The differential device 50 is a device for transmitting torque output from the motor 1 and the engine 2 to wheels H of the vehicle. The differential device 50 has a function of absorbing a speed difference between the left and right wheels H when the vehicle turns and transmitting the torque to the left and right output shafts 55.

The differential device 50 includes a gear housing (not shown) fixed to the ring gear 51, a pair of pinion gears (not shown), a pinion shaft (not shown), and a pair of side gears (not shown). The gear housing rotates together with the ring gear 51 about the output axis J4. The gear housing houses a pair of pinion gears, a pinion shaft, and a pair of side gears. The pair of pinion gears are bevel gears facing each other. A pair of pinion gears are supported on the pinion shaft. The pair of side gears are bevel gears that mesh at right angles to the pair of pinion gears. A pair of side gears are fixed to the output shaft 55, respectively.

The output shaft 55 rotates about the output axis J4. The power of the motor 1 is transmitted to the output shaft 55 via the gears. Likewise, the power of the engine 2 is transmitted to the output shaft 55 via the gears.

The motor unit 10 of the present embodiment includes a pair of output shafts 55. The pair of output shafts 55 are connected to the ring gear 51 via the differential device 50, respectively. Wheels H are fixed to the front ends of the pair of output shafts 55. The output shaft 55 outputs power to the outside (to the road surface via the wheels H).

The transmission mechanism 5 may have a parking lock mechanism, not shown. The parking lock mechanism is driven based on a shift operation by the driver. The parking lock mechanism alternately switches between a locked state in which power transmission in the transmission mechanism 5 is restricted and an unlocked state in which the restriction is released. The parking lock mechanism has, for example, a parking gear fixed to the counter shaft 13, a parking lock arm that engages a groove of the parking gear to prevent rotation of the parking gear, and a parking lock actuator that drives the parking lock arm.

The separation mechanism 60 can cut off a power transmission path (engine drive path) of the engine 2 on the engine drive shaft 12. As described above, the engine drive shaft 12 has the 1 st shaft portion 12A and the 2 nd shaft portion 12B. The separation mechanism 60 alternately switches between a connection state in which the 1 st shaft portion 12A and the 2 nd shaft portion 12B are connected and a disconnection state in which the 1 st shaft portion 12A and the 2 nd shaft portion 12B are separated.

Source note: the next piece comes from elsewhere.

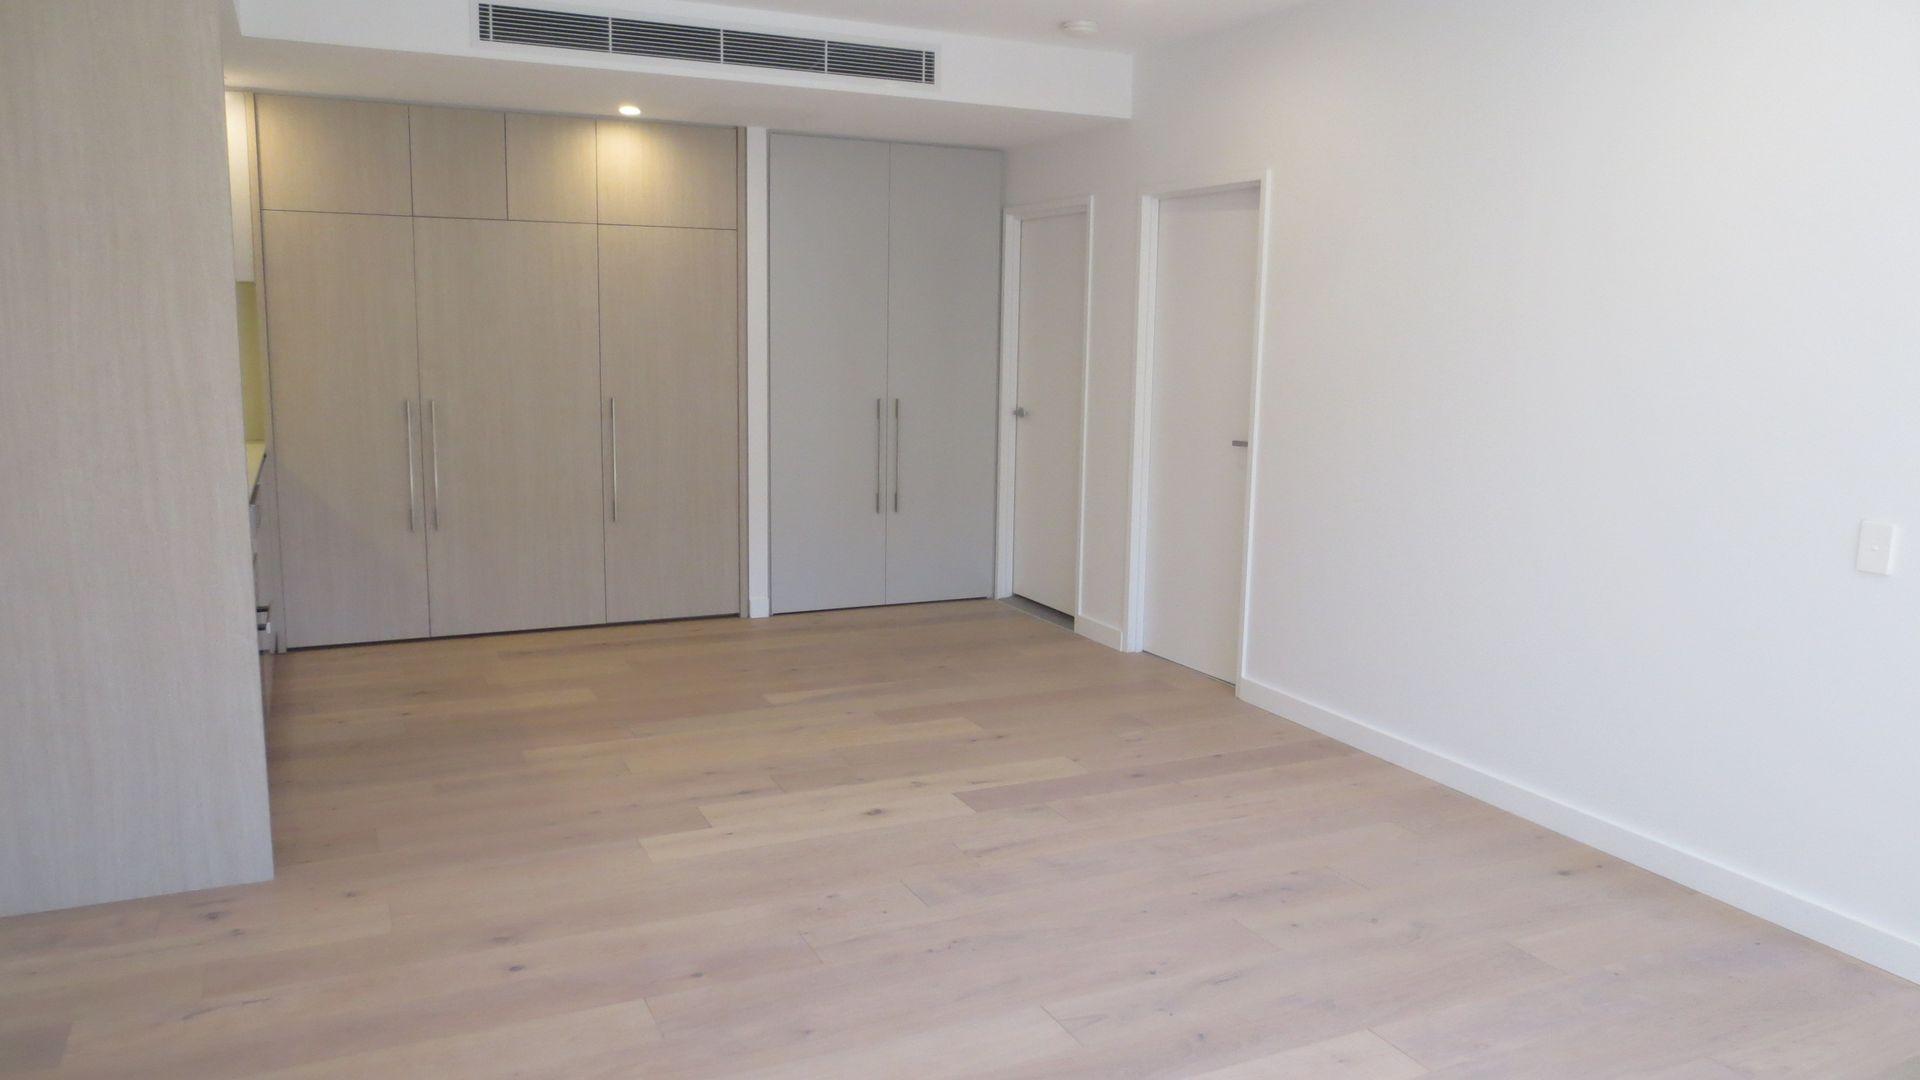 4.206 18 Hannah Street, Beecroft NSW 2119, Image 1

The 1 st shaft portion 12A is connected to the engine 2 and the generator 4. The 2 nd shaft portion 12B is located on the output side (i.e., the output shaft 55 side) with respect to the 1 st shaft portion 12A in the path of the transmission mechanism 5. In the connected state, the power of the engine 2 is transmitted from the 1 st shaft portion 12A to the 2 nd shaft portion 12B.

Fig. 4 is a sectional view showing the separation mechanism 60. The 1 st shaft portion 12A has a 1 st opposing end portion 12Aa that opposes the 2 nd shaft portion 12B in the axial direction. The 1 st opposing end portion 12Aa is provided with a recess 12Ac that is open in the axial direction. The 1 st shaft portion 12A has a connection flange portion 12Ab located at the 1 st opposite end portion 12Aa. External spline 12Ad is provided on the outer peripheral surface of connection flange 12Ab.

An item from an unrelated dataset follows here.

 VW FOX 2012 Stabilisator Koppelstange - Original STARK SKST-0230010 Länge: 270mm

The 2 nd shaft portion 12B has a 2 nd opposing end portion 12Ba that opposes the 1 st shaft portion 12A in the axial direction. The 2 nd shaft portion 12B is accommodated in the recess 12Ac of the 1 st shaft portion 12A at the 2 nd opposite end portion 12Ba. A needle bearing 12n is accommodated between the inner peripheral surface of the recess 12Ac and the 2 nd shaft portion 12B.

The separation mechanism 60 includes a sleeve 61, a clutch hub 62, a synchronizer ring 63, a key 64, and a driving portion (not shown). The separation mechanism 60 of the present embodiment is referred to as a rotational synchronization device or synchronization mechanism.

The clutch hub 62 is fixed to the outer peripheral surface of the 2 nd shaft portion 12B. That is, the separation mechanism 60 of the present embodiment is fixed to the 2 nd shaft portion 12B. The clutch hub 62 rotates together with the 2 nd shaft portion 12B about the engine axis J2. External spline 62a is provided on the outer peripheral surface of clutch hub 62.

The sleeve 61 is supported on the 2 nd shaft portion 12B via a clutch hub 62. Therefore, the sleeve 61 is rotatable about the engine axis J2 together with the 2 nd shaft portion 12B. The sleeve 61 is moved relative to the clutch hub 62 in the axial direction of the engine axis J2 by a driving portion (not shown).

An inner spline 61a is provided on the inner peripheral surface of the sleeve 61. The sleeve 61 is engaged with the external spline 62a of the clutch hub 62. After the clutch hub 62 and the connection flange portion 12Ab are rotated synchronously, the internal spline 61a of the sleeve 61 is fitted with the external spline 12Ad provided on the outer peripheral surface of the connection flange portion 12Ab. Thereby, the 1 st shaft portion 12A and the 2 nd shaft portion 12B are connected.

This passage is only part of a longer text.